Rupert Westenthaler created STANBOL-1122:
--------------------------------------------
Summary: Only Tokens with a fully linked entity should be marked
as consumed
Key: STANBOL-1122
URL: https://issues.apache.org/jira/browse/STANBOL-1122
Project: Stanbol
Issue Type: Sub-task
Components: Enhancement Engines
Reporter: Rupert Westenthaler
Assignee: Rupert Westenthaler
The EntityLinking process makes Token that are already linked with an Entity as
"consumed".
Lets asume a text mentions:
"An airplane crashed in the northern part of the Democratic Republic of the
Congo"
In case Proper Noun linking is activated "Democratic" would be the first
"active" token within this sentence and ["Democratic", "Republic"] would be the
first "search tokens". Now lets assume that the vocabulary contains the Entity
"Democratic Republic of the Congo" and that is is returned by the
EntitySearcher for a query for ["Democratic", "Republic"].
So when the Entity "Democratic Republic of the Congo" is matched with the
sentence all tokens until "Congo" are marked as consumed.

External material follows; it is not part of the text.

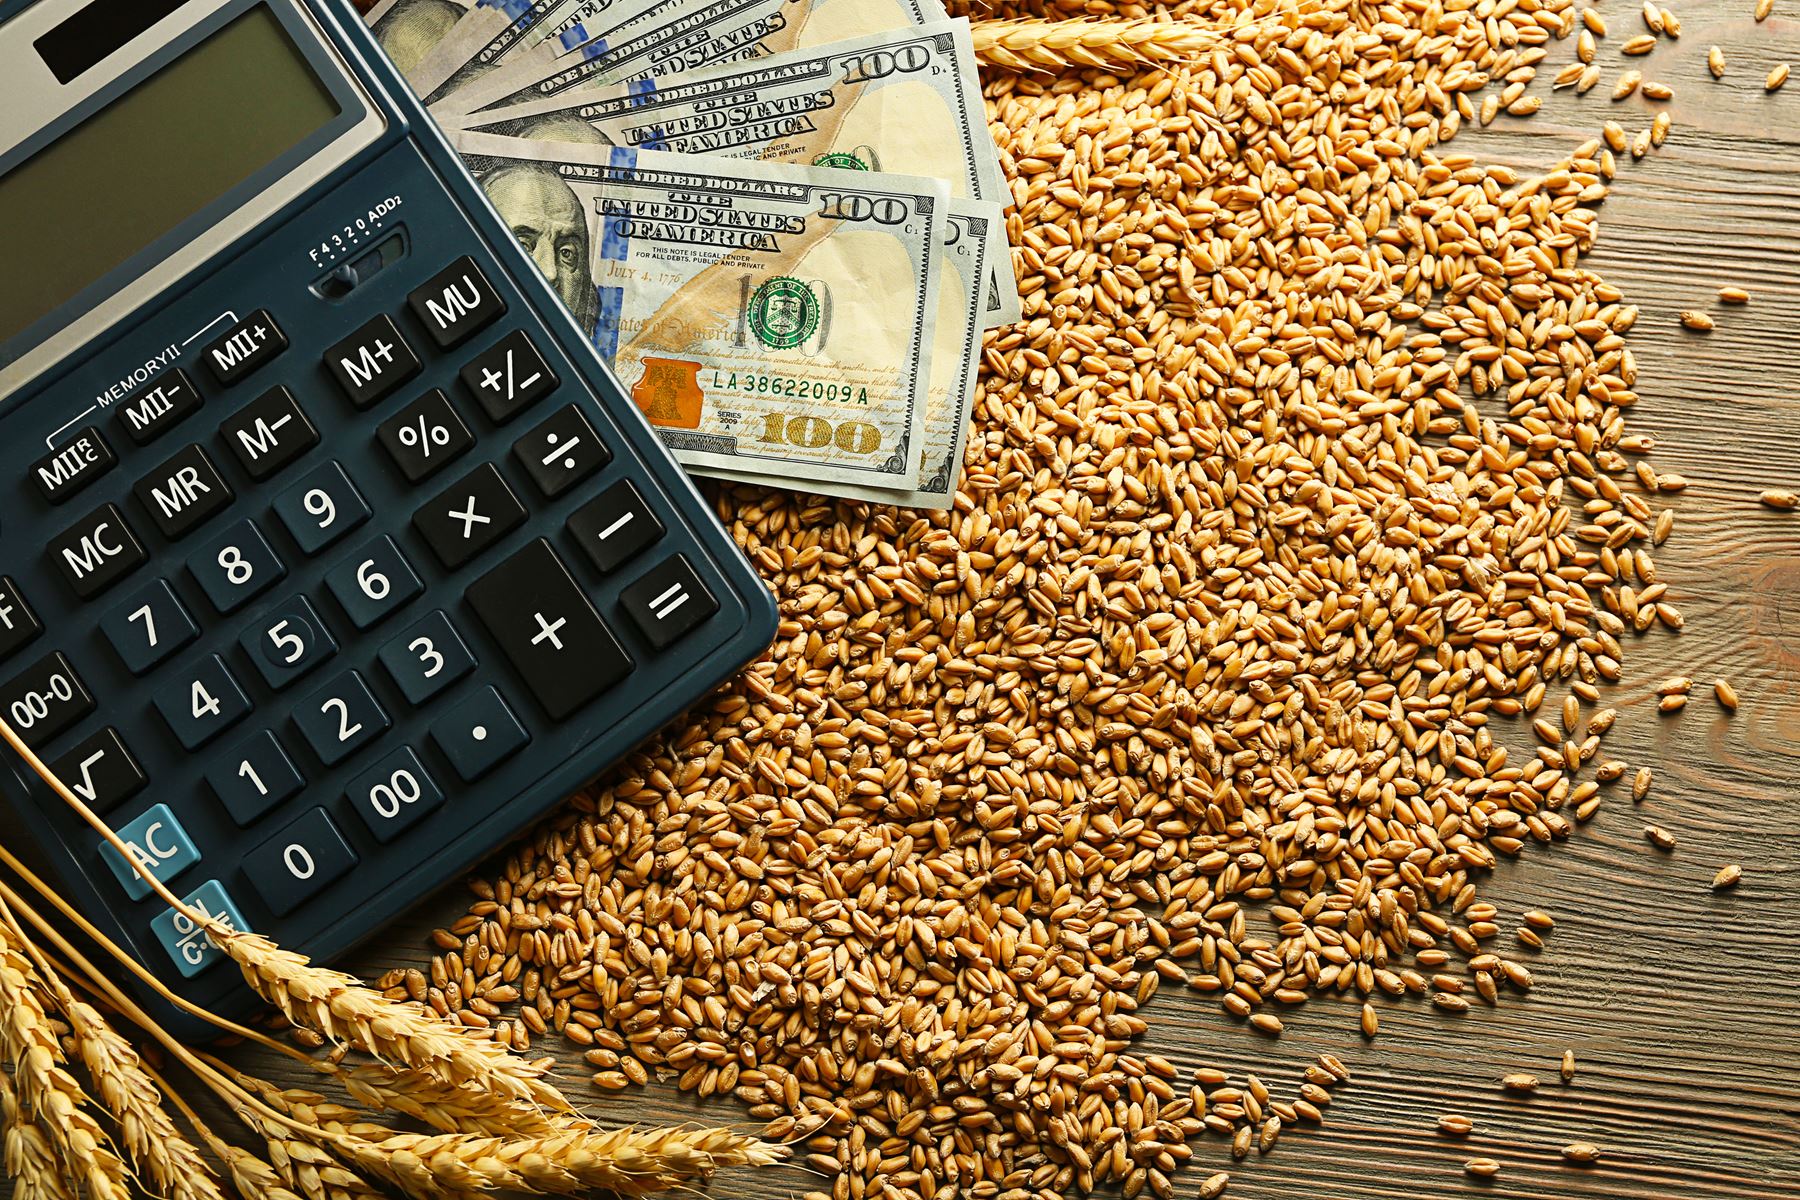 Calculator laying on 100 dollar bills and wheat kernels

This ensures that
there are no further lookups for "Republic" nor "Congo".
While this is generally good suggested Entities that do exactly match the text
it is dangerous for partial matches as shown by the following example
"President Barack Obama said the US estimated ..."
If you link this text to Freebase, than "Presidency of Barack Obama"
(https://www.freebase.com/m/05b6w1g) will get linked for the section "President
Barack Obama". The match is "Particial" as only tree of the four tokens of the
label do match the Text and also the not exact match of "Presidency" with
"President" does reduce the confidence to an overall score of about 0.6
However the current algorithm would still mark "Barack" and "Obama" as consumed
and therefore prevent "Barack Obama" to be linked for this mention.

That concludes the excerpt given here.